One way to control this pathogen is planting clean seed. By planting clean seed and not infected seed, you are stopping the spread of disease. It is transported and spread in contaminated soil, for example on tools or equipment. If the infected soil is moved, the sclerotia will be dispersed as well. This is a survival structure in the life cycle of the pathogen that can stay active in the soil up to 30 years without a suitable host. By having sanitation practices in place the pathogen will not be spread. An example of a sanitation practice is washing the equipment with water and making sure all remnants of soil are gone so it cannot spread to a different allotment. Lastly, making sure that soil is not spread by tools or boots by washing them as well.

=== Chemical controls ===

As sclerotia are a survival structure in the life cycle for the pathogen, it is important to reduce and eliminate sclerotia in the soil. One effective way to reduce sclerotia is sclerotia germination stimulants. These germination stimulants can reduce sclerotia by 90%. One way to do this is using diallyl disulfide (DADS). This chemical is what triggers sclerotia to germinate. Upon using DADS in the soil, no Allium crops can be grown in that soil for a year to keep the treatment effective. If there are Allium crops growing they will be able to complete their lifecycle and keep sclerotia in the soil. Therefore, DADS is applied artificially in the field with no Allium species, which in turn has sclerotia germinate and unable to find a host and die rather than lay dormant in the soil.
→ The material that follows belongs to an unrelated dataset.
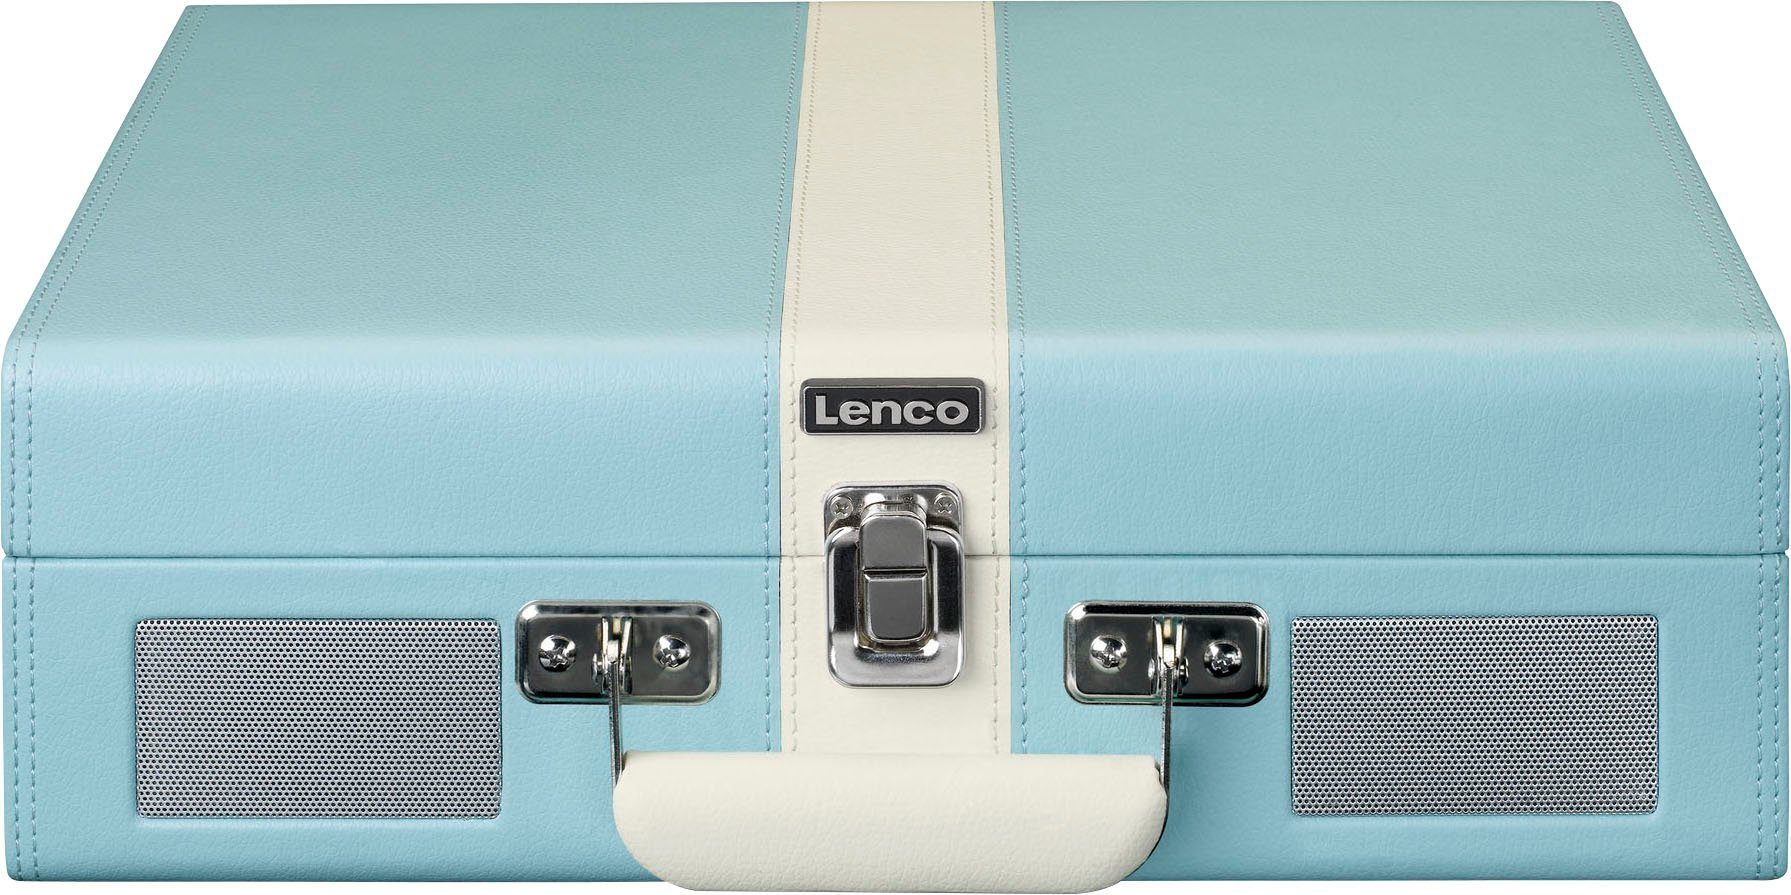 Plattenspieler Lsp. Koffer-Plattenspieler mit Blau-Weiß eingebauten Lenco BT und (Riemenantrieb)

This can also be done by applying a garlic extract or the use of certain petroleum-based products. Dipping seed garlic in water at 115 °F is effective, but higher temperatures may kill the cloves. It is also important to use fungicides with the chemical DADS. There are three fungicides that are registered for white rot. They are: tebuconazole, fludioxonil and boscalid with tebuconazole being the most effective. All of these fungicides need to be applied right at planting, as later fungicide applications are not effective to control disease. It is also important to note that once an infection is found there are no chemical controls to stop or reduce disease during that season.

== Use in biocontrol ==
The three-cornered leek (Allium triquetrum) has been introduced into Australia where it has spread and become established in nutrient-deficient, damp habitats. The plant is now considered to be a noxious invasive species, as it is difficult to control or eradicate. S. cepivora is being investigated as a possible biological control agent for the plant. No naturally occurring members of the genus Allium occur in Australia, and in a trial, the fungus was found to be effective at killing all but one of the target samples on which it was tested. However, the researchers involved in the study acknowledged, "Releasing a virulent pathogen for cultivated Allium species into bushland or pasture is controversial and any field release would require safeguards against spread to areas suitable for the production of cultivated Allium species, such as onions, leeks and garlic, before S. cepivora could be introduced as a potential biological control agent.